Question

Assume the random variable X has a binomial distribution with the given probability of obtaining a success. Find the following probability, given the number of trials and the probability of obtaining a success. Round your answer to four decimal places. P(X=17), n=18, p=0.9

Answer 1

Answer:

P(X=17) = 0.3002 .

Step-by-step explanation:

We are given that the random variable X has a binomial distribution with the given probability of obtaining a success.
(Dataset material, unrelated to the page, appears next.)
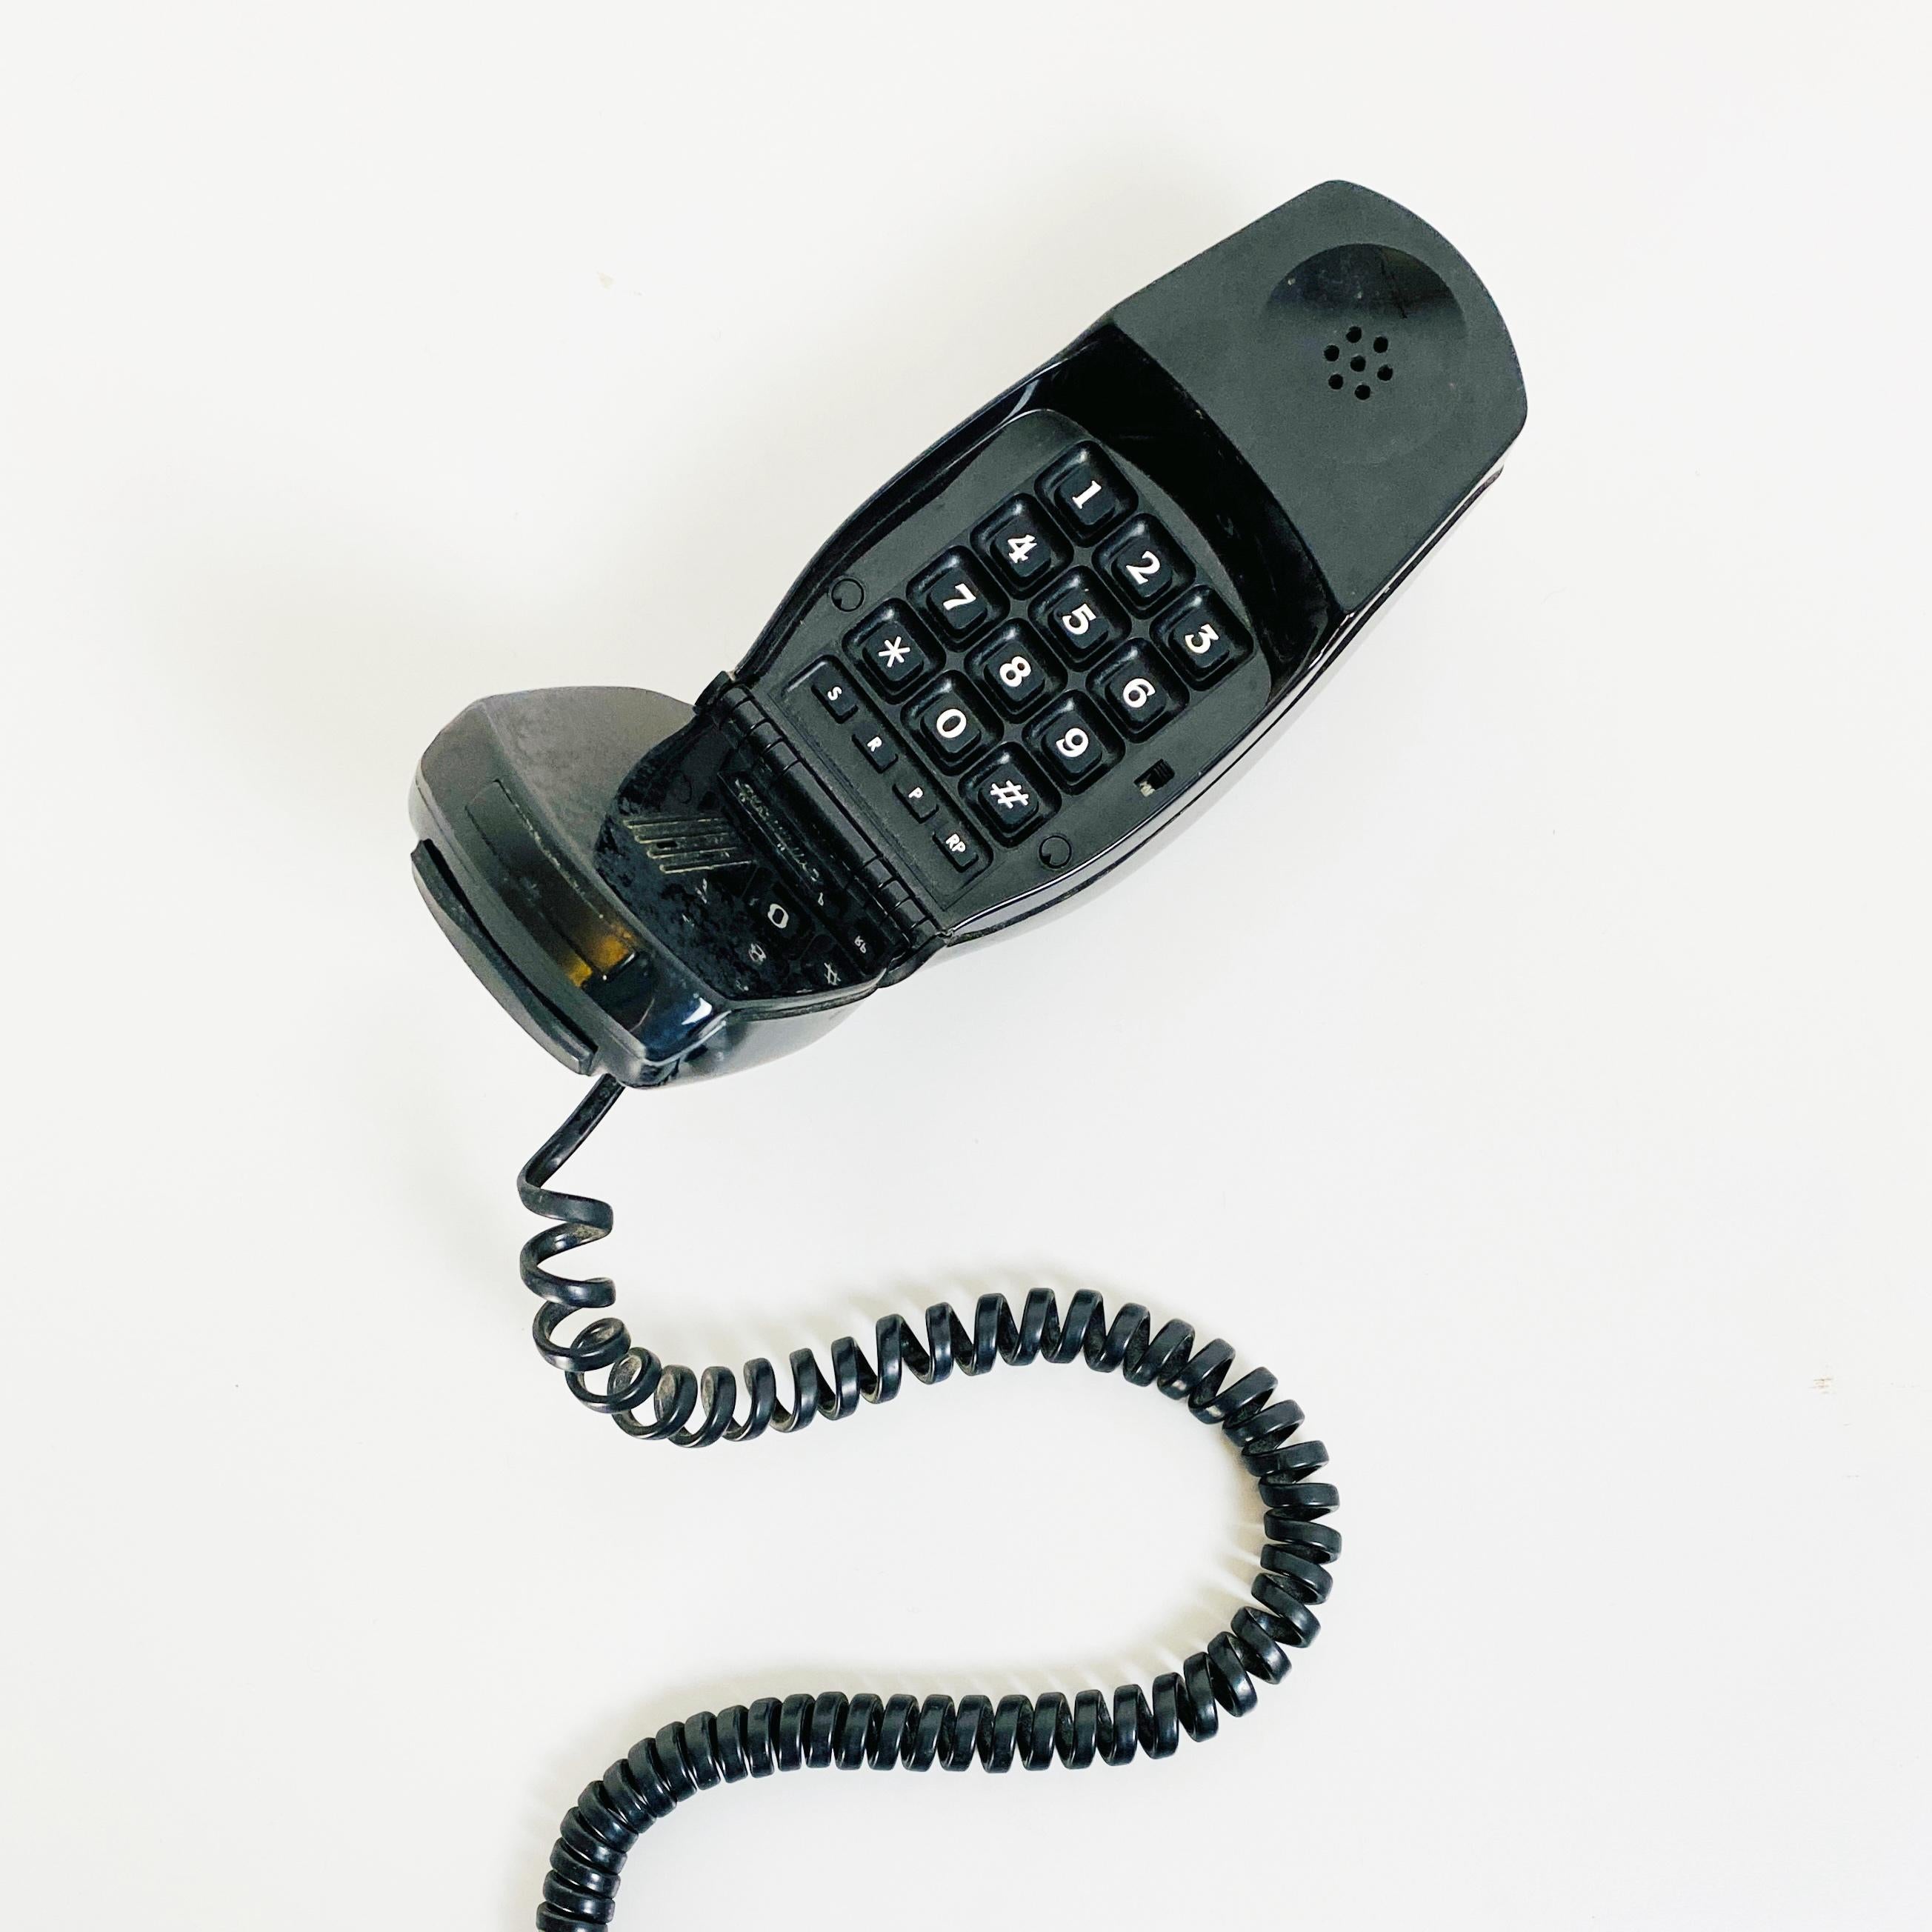 1965 telephone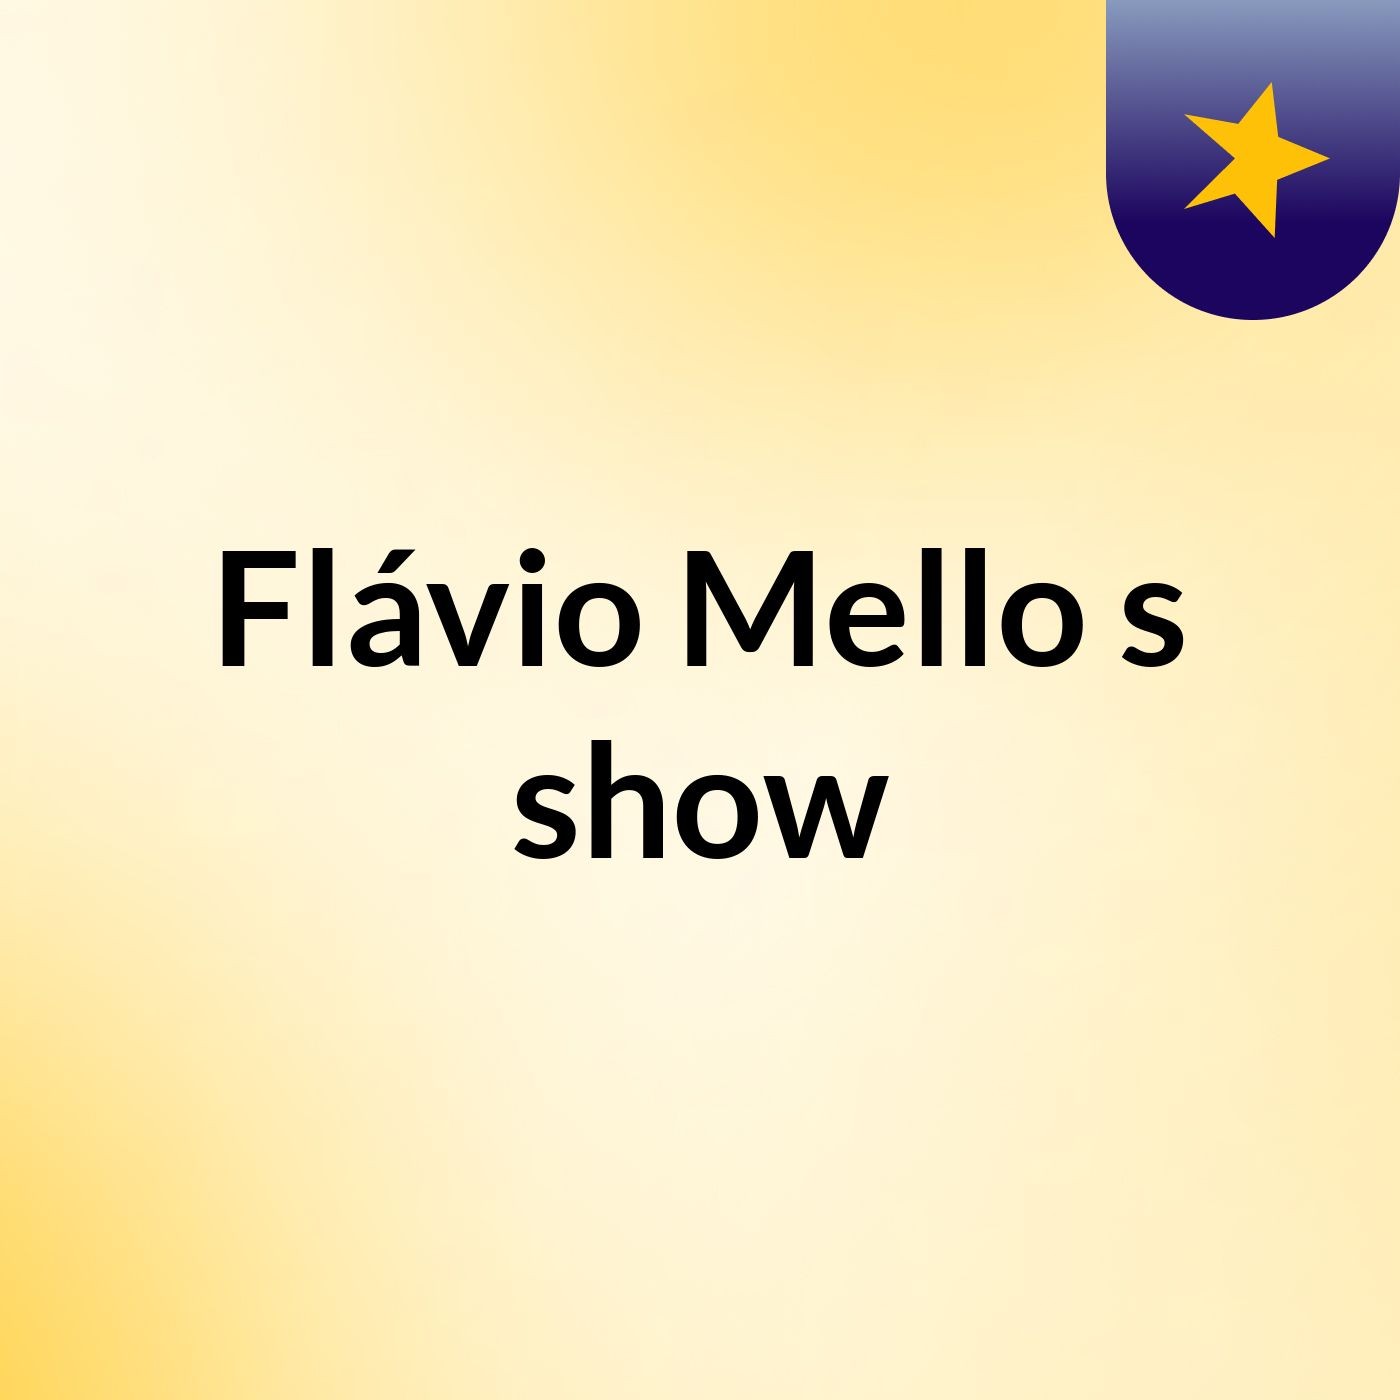 Flávio Mello's show

The above situation can be represented through Binomial distribution;

$P(X=r) = \binom{n}{r}p^{r} (1-p)^{n-r} ; x = 0,1,2,3,.....$

where, n = number of trials (samples) taken = 18

            r = number of success = 17

           p = probability of success which in our question is given as 0.9 .

So, X ~ $Binom(n=18,p=0.9)$

We have to find the probability of P(X = 17);

P(X = 17) = $\binom{18}{17}0.9^{17} (1-0.9)^{18-17}$

               = $18 \times 0.9^{17} \times 0.1^{1}$    { $\because \binom{n}{r} = \frac{n!}{r! \times (n-r)!}$ }

               = 0.3002

Therefore, P(X=17) = 0.3002 .

Answer 2

Answer:

P(X = 17) = 0.3002

Step-by-step explanation:

Binomial probability distribution

The binomial probability is the probability of exactly x successes on n repeated trials, and X can only have two outcomes.

$P(X = x) = C_{n,x}.p^{x}.(1-p)^{n-x}$

In which $C_{n,x}$ is the number of different combinations of x objects from a set of n elements, given by the following formula.

$C_{n,x} = \frac{n!}{x!(n-x)!}$

And p is the probability of X happening.

In this problem we have that:

$n = 18, p = 0.9$

We want P(X = 17). So

$P(X = x) = C_{n,x}.p^{x}.(1-p)^{n-x}$

$P(X = 17) = C_{18,17}.(0.9)^{17}.(0.1)^{1} = 0.3002$

P(X = 17) = 0.3002